End of year/new year thoughts

So, no party.  Maman had a stroke and was taken to the local med. school.  She was given TPA, but I have yet to hear how she's doing.  I've called, and emailed the boys, but no word yet.  She'd had a heart attack in April or thereabouts, and this last can't be good.

I got 2 interesting pieces of mail:  one urging me to get insurance to protect me if I need long-term care (I'm going to look into that) and the other to think about joining the Peace Corps.  Very interesting idea. I will look into that too.

I did another long-term projection of my finances, and it doesn't look good.  I'll need to die before age 75, if not before.  I'm not too worried; I think my chances of long-term survival aren't that good.

I wish my roommate could learn to load the dishwasher correctly.  Such a stupid concern, given how much of the world doesn't have dishes or water, but it's the daily things that wear us down and affect our happiness rating.  I really need to re-read "Stumbling on Happiness" in order to critique it, if I can, and to get some perspective.  The economic crisis gave me some insight or, I should say, a reminder of how freeing loss of control can be (a quote I picked up from Michael J. Fox), and I need to remember that when things aren't good.  "The days are long but the years are short" is my new motto.

James has learned that when I start to lift him by putting my hand under his chest, I will then almost instantly pick up his outside back foot, so that he can partially support himself.

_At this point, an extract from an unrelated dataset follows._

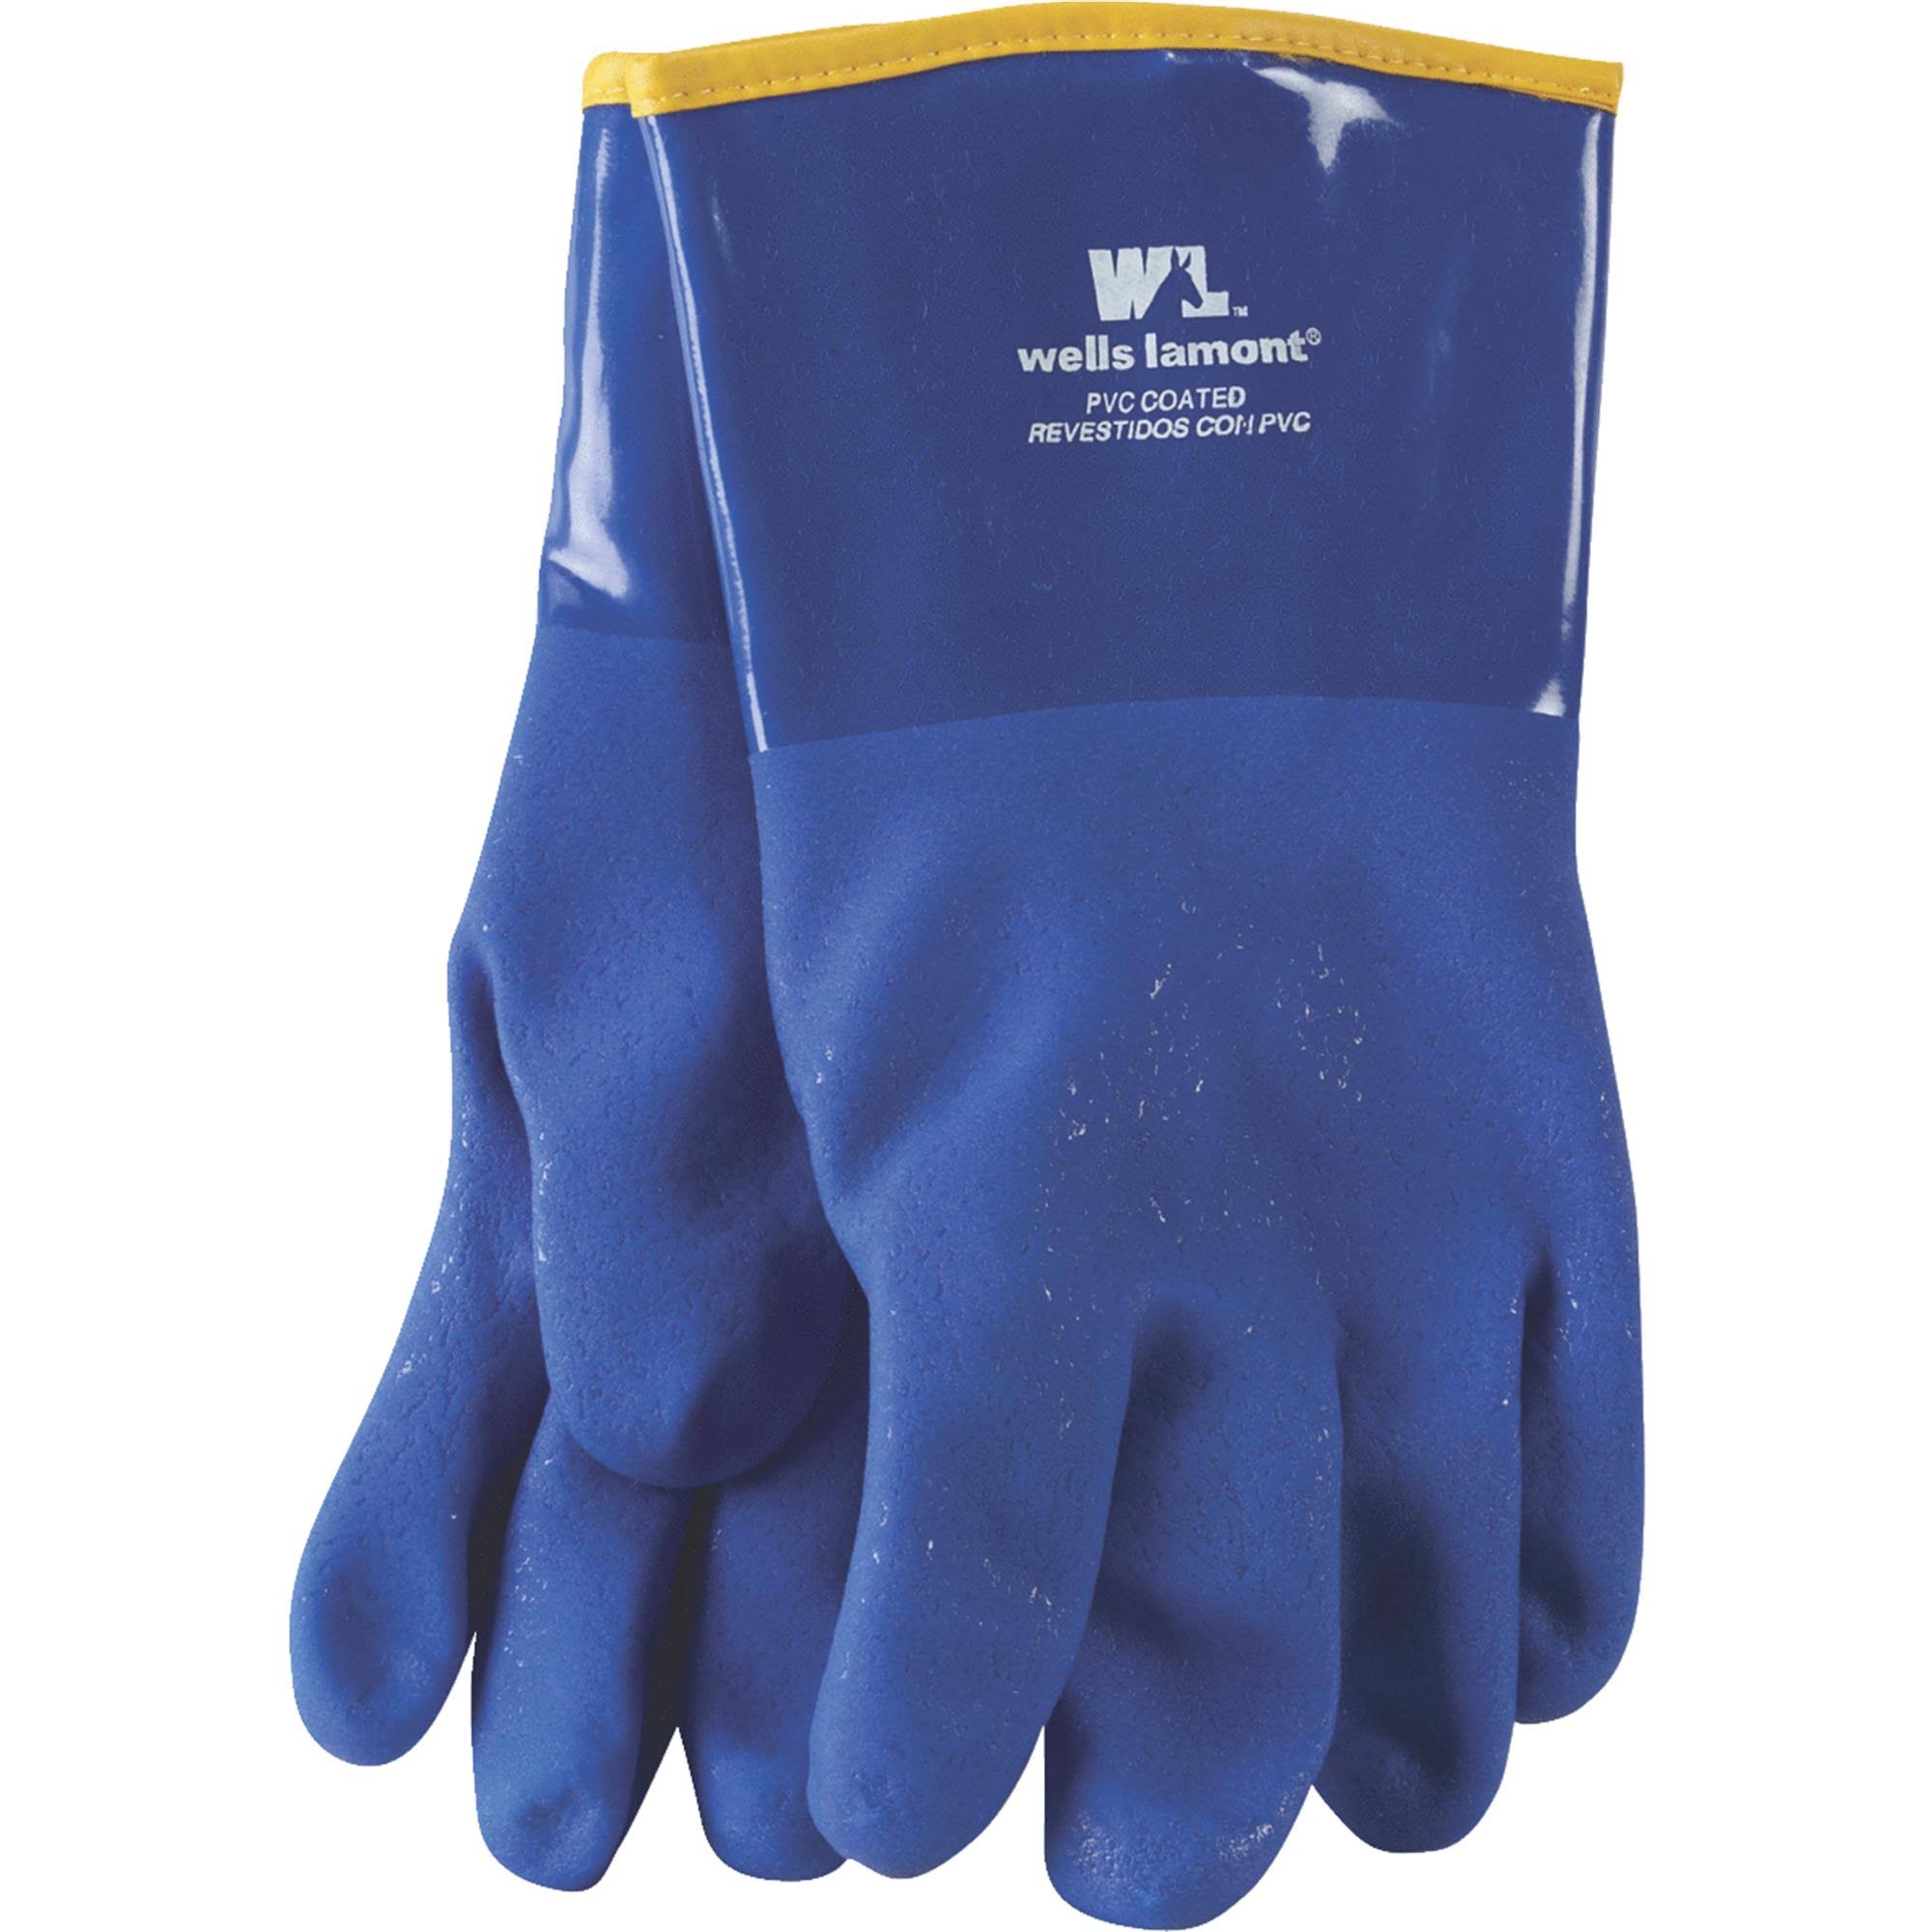 Wells Lamont Heavy Duty PVC Coated Work Gloves - Blue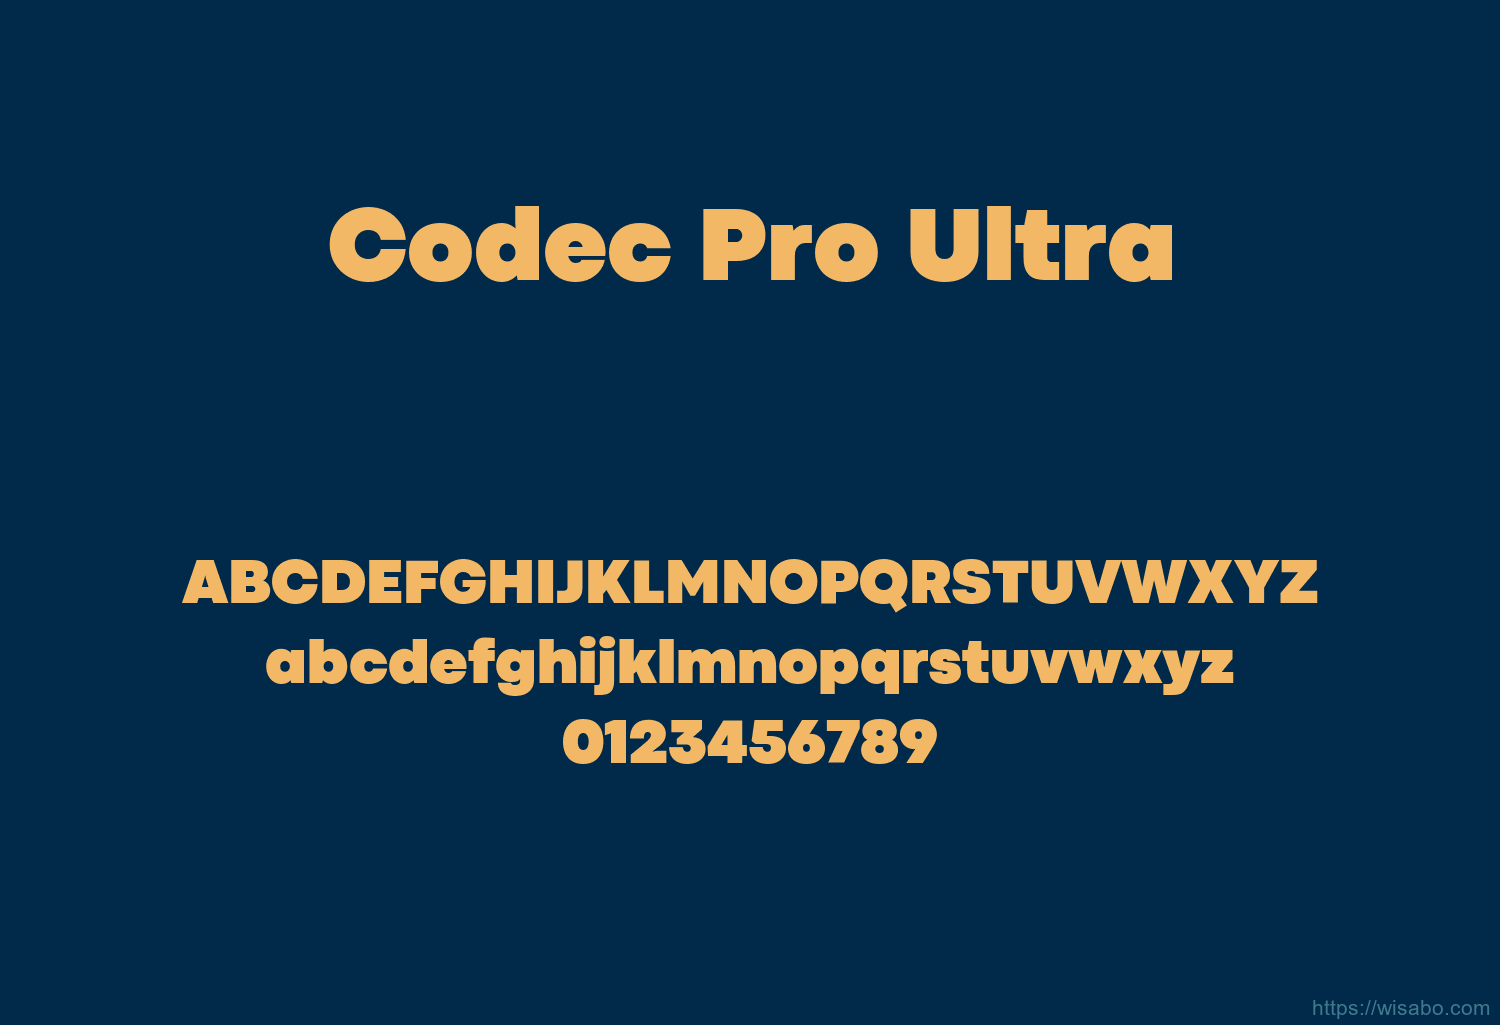 Codec Pro Ultra

Yesterday I noticed that he lifted his foot for me, in anticipation.  I'm really happy about that.  I tested it today, and it seems to be something he's really learned.  I'm going to work on taking him to the vet now.  He was really good in December, and only growled after he got back in his carrier.  I think the short visits helped.  I'll take him the next time I pick up some canned food, later this week.

One of my friends said her blog is to document her children.  Mine is to document my life.  My inspiration:  Doogie Howser, Wil Wheaton, and any movie or show with voice-over narration.  I know a lot of people hate it, but I really like it.

I'm having trouble settling down to reading a book, or watching a movie that's serious.  I remember feeling like this years ago, and not knowing what to do.  I had that odd, restless sensation, nothing made me happy.  I watched "Dogma" and felt so much better.  The combination of theology and low humour seemed to do the trick.  I also keep thinking about the Laurie King book I read over Thanksgiving (Folly) that I think I need to read it again.  And the rest of her stuff.  Her bio is inspiring.

I started a new sweater yesterday, for the little guy.  I finished up the blanket, hat and scarf for E's little guy, and will put the buttons and drawstring on the set I promised Nancy years ago.  In doing so, I re-read some of Elizabeth Zimmerman's Almanac of Knitting.  I'd forgotten the gorgeous descriptions of north woods camping she'd included.  I think, if I could, I'd do my life over and focus on knitting, like I'd wanted to 25 years ago.  Researching Ecuadoran women's collectives would have been an excellent project.  I was so stupid.

I should make a list of regrets.  I could see how fear and self-loathing kept me from accomplishing anything.  and still are.  hence the blog.  I've been so afraid to write the dissertation for what it would reveal about my personality and flaws that it's been overwhelming. yet, Wil Wheaton reveals himself.

I have an idealistic and narrow perspective of the world.